I already have a C# crawler using .NET technologies (a very old IE engine ,a MySQL connector and a lot of tools). My crawler stores and loads data from a MySQL database, where I have the following key tables (I have a lot of tables, but these are of importance in the question):
Site, SiteSearch, Data
Site: It has the HOME_URL and a lot of useful data there.
SiteSearch: The rows in this table are different searches for sites. A site can have as many search types as needed, a search type applies to only one site.
Data: Data is stored here. A data has a lot of useful mined fields and pictures are stored on the main server about the data. MySQL runs on the database server and the crawler runs on lots of local servers.
Parts of the project:
Config: Here the user can configure the Site and SiteSearch settings. (It's a CRUD application to make the user able to define download settings)
Crawler: Manages SiteSearch starts
SiteSearch start: A SiteSearch, this is starting the old IE engine and downloads data from a Site with a certain search
FTP: Uploads the pictures to the main server and deletes deprecated pictures from the local server
SERVER: Deletes deprecated pictures from the main server
Main problems with the current version:
1.) The SiteSearch inserts a row whenever a Data was found, this causes Database slowness
2.) The IE engine is very old and I would like to use something better, like a Chrome or an FF engine
3.) The System is based on Windows and I would like a Platform Independent System
Planned crawler:
1.) Config: This will work in the same way as the old Config, but with a Platform Independent approach
2.) Crawler: This will work in the same way as the old Crawler, but with a Platform Independent approach, also this will delete deprecated pictures from the local server.
3.) SiteSearch start: I would like to use a better engine, which is more modern than the old built-in IE engine and I would like to use tabs instead of windows in the engine. Also, I want my SiteSearch to send an XML file to the server whenever the search was completed, containing all the data and pictures.
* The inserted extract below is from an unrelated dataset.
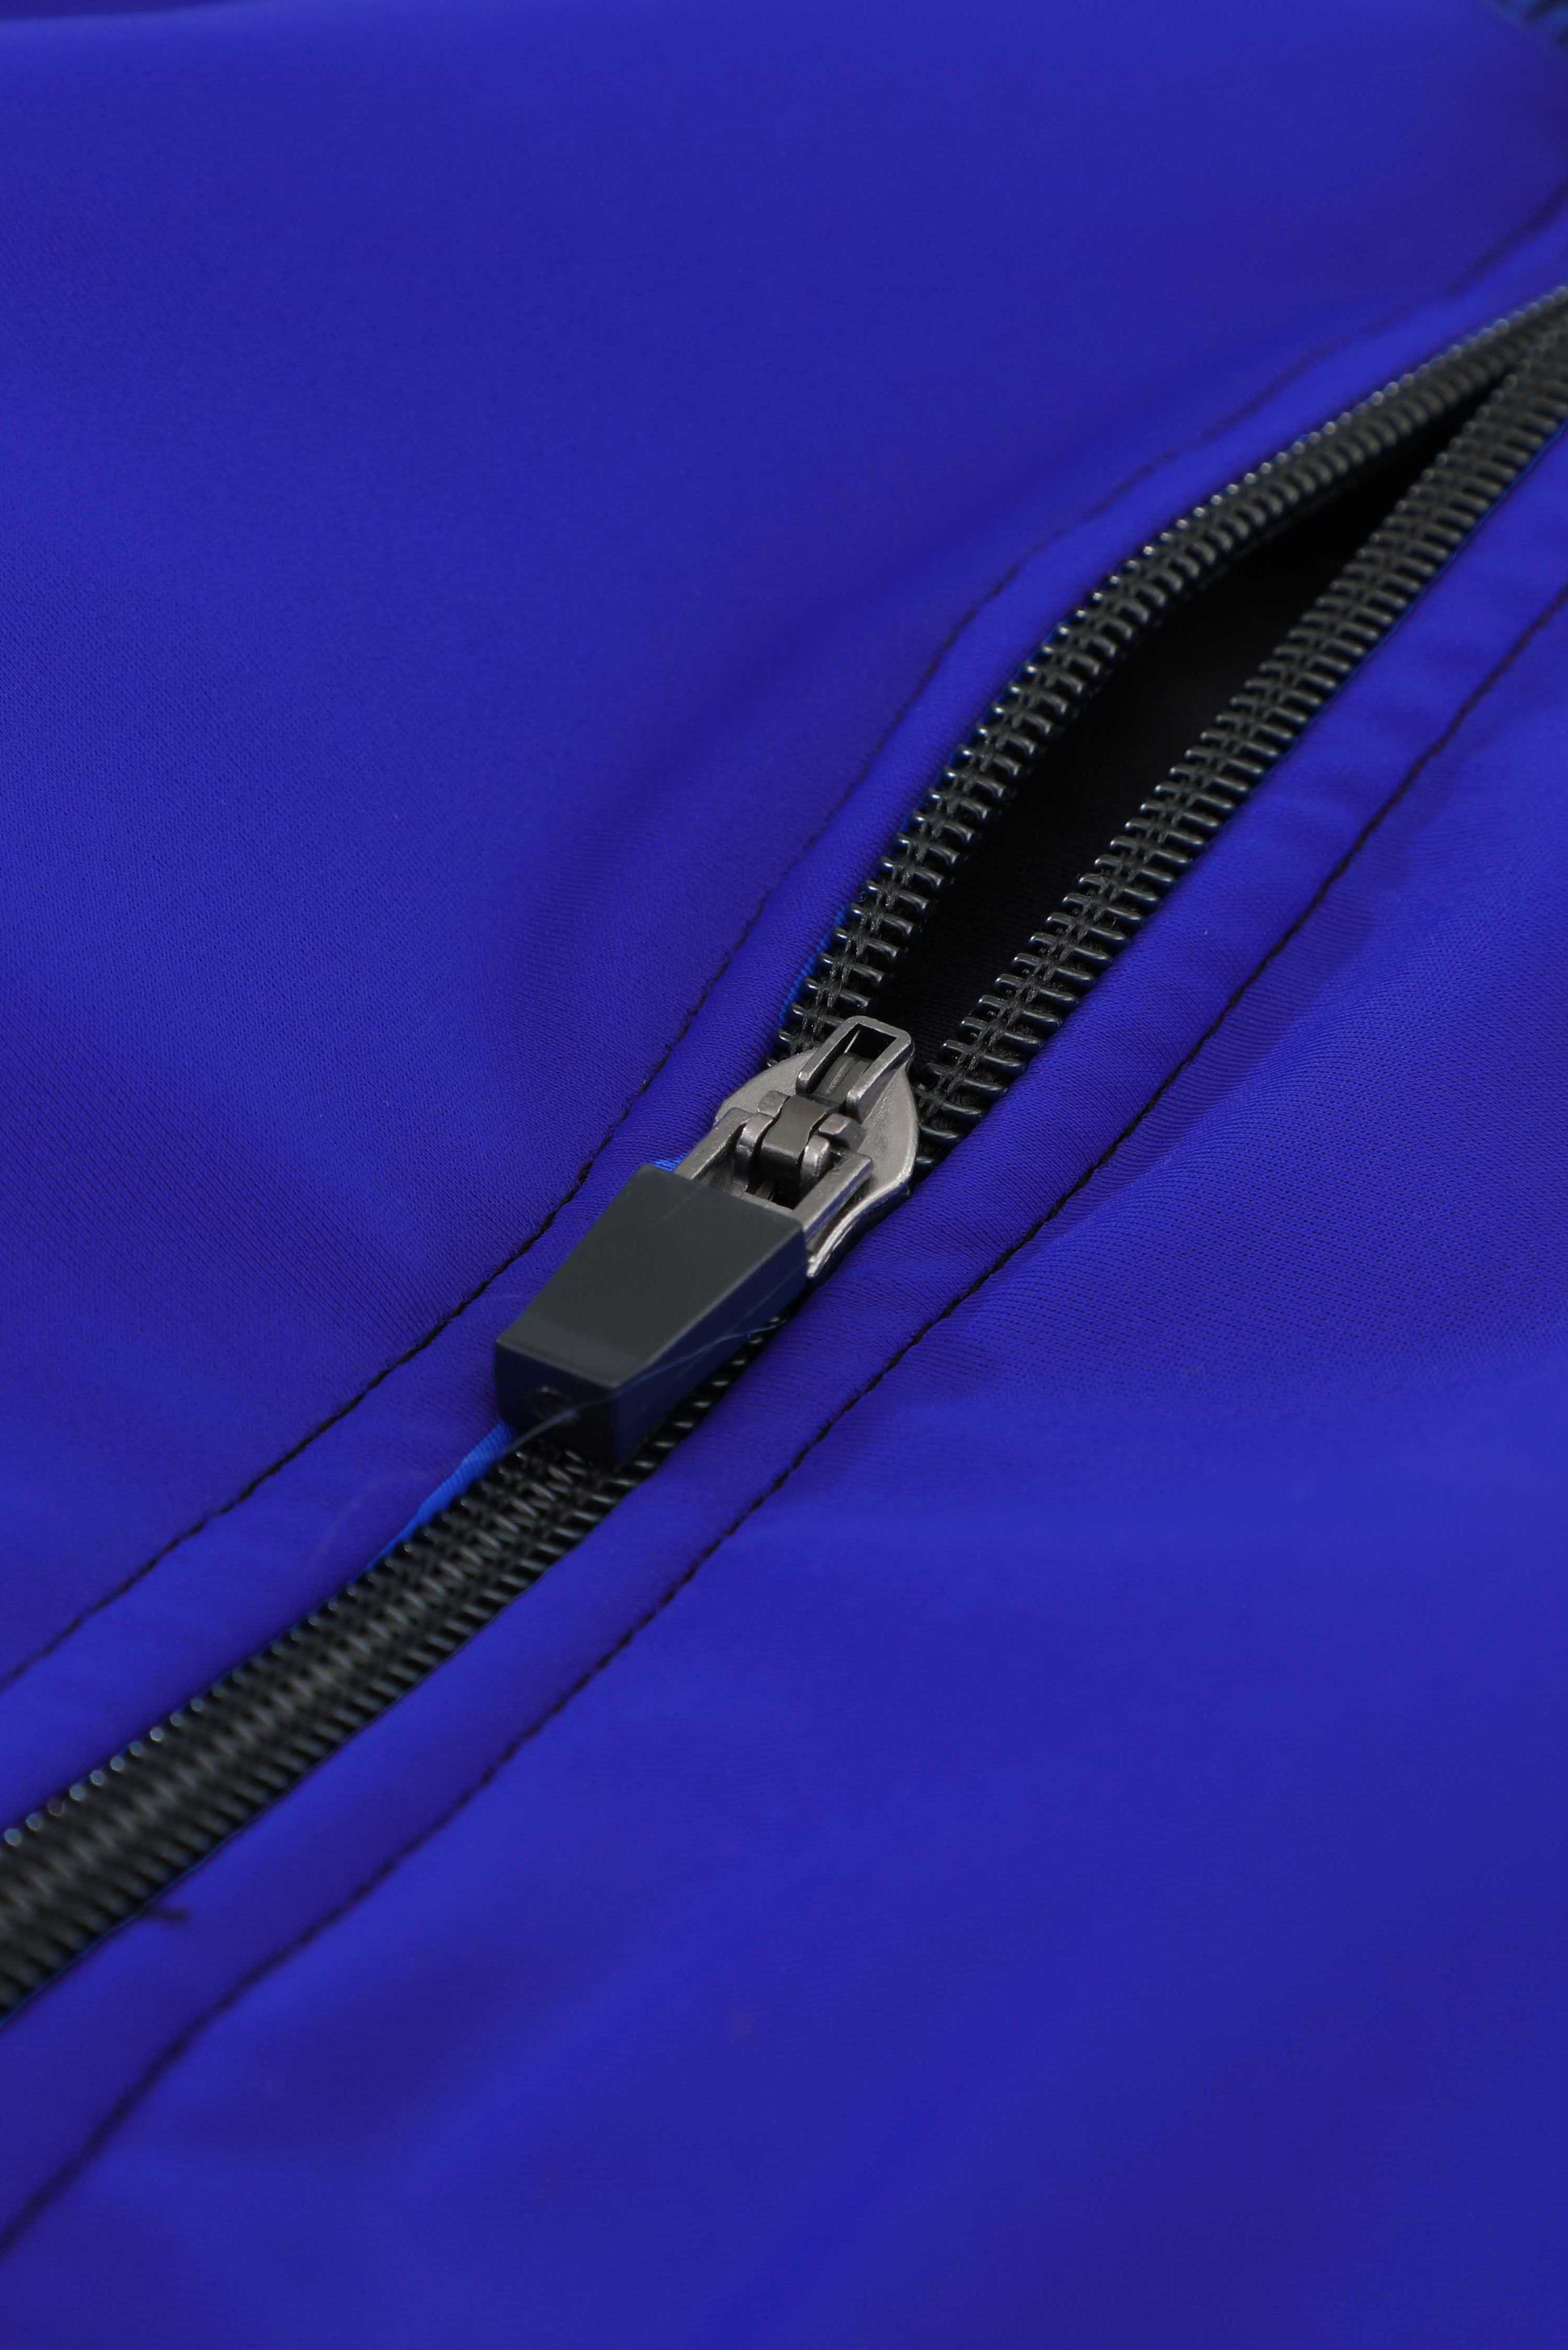 Color Block Half Zip Long Sleeve One-Piece Swimsuit - Online Only
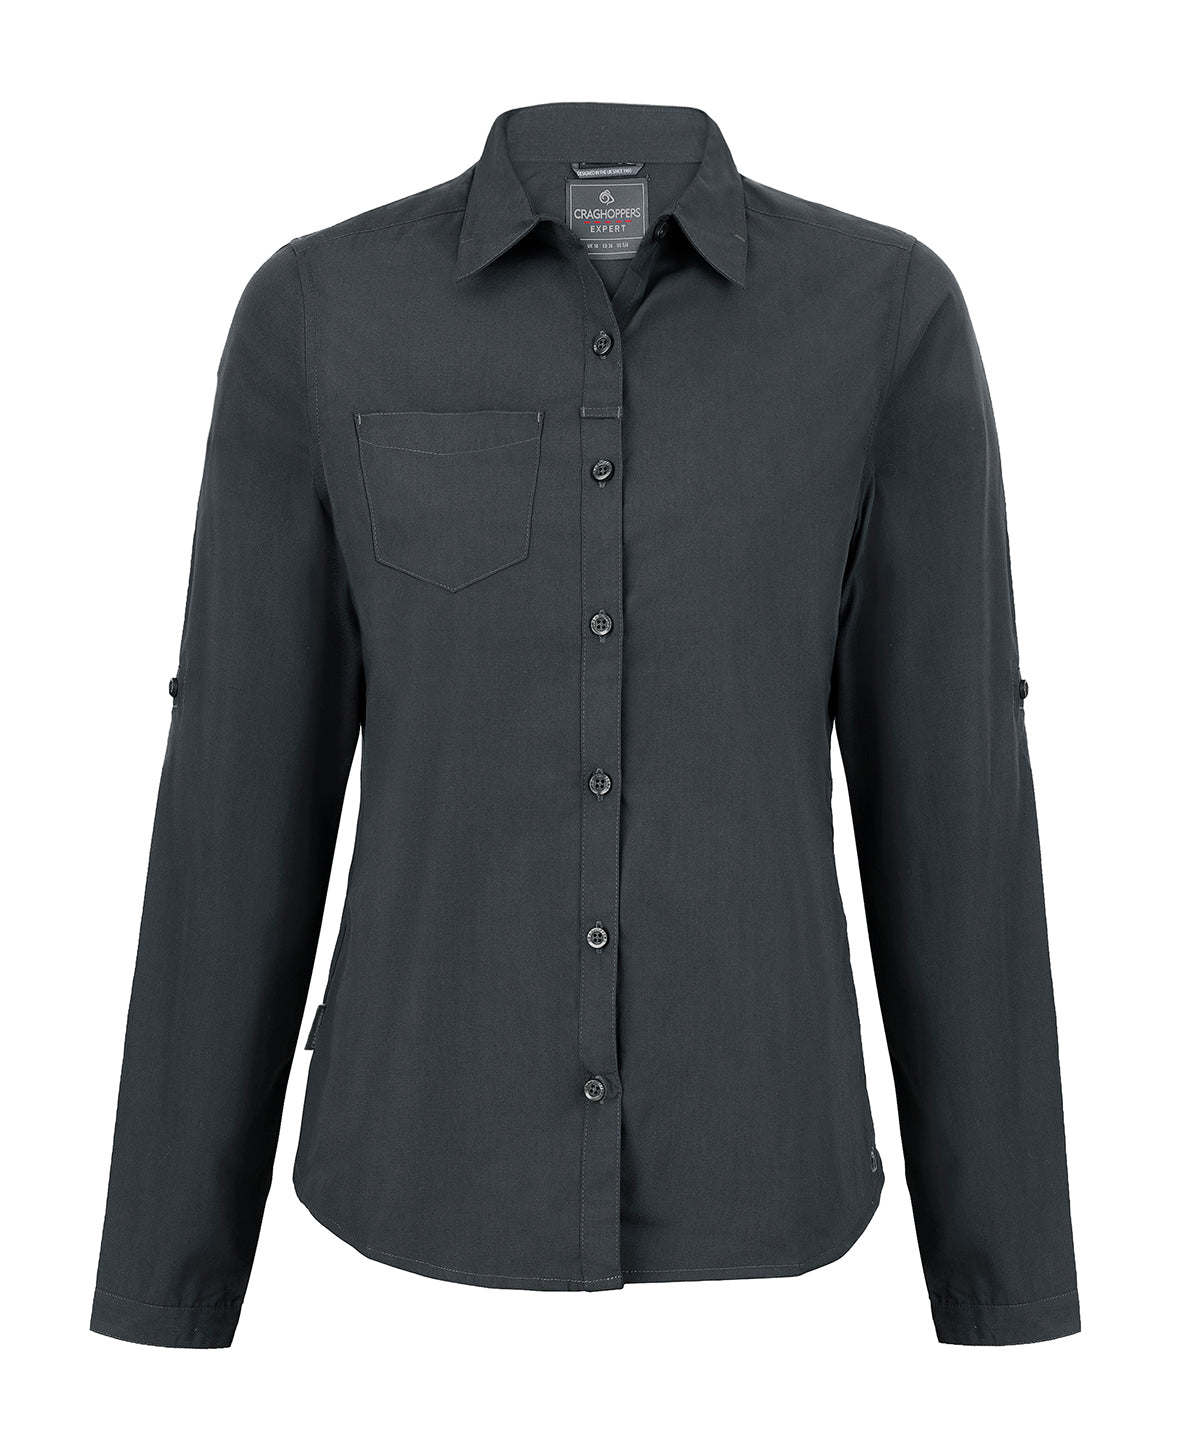 Personalised Shirts - Black Craghoppers Expert women’s Kiwi long-sleeved shirt

4.) FTP: This won't be needed because the SiteSearch will provide data feed to the main server.
5.) SERVER: This will delete deprecated pictures from the main server and also will do all the scheduled database work based on the received XML files.
My questions are:
1.) What language should I use?
2.) What Engine should I use?
3.) Are there some technologies which will help me rebuild my crawler?
4.) What is the total cost of these technologies?
Thank you for the answers.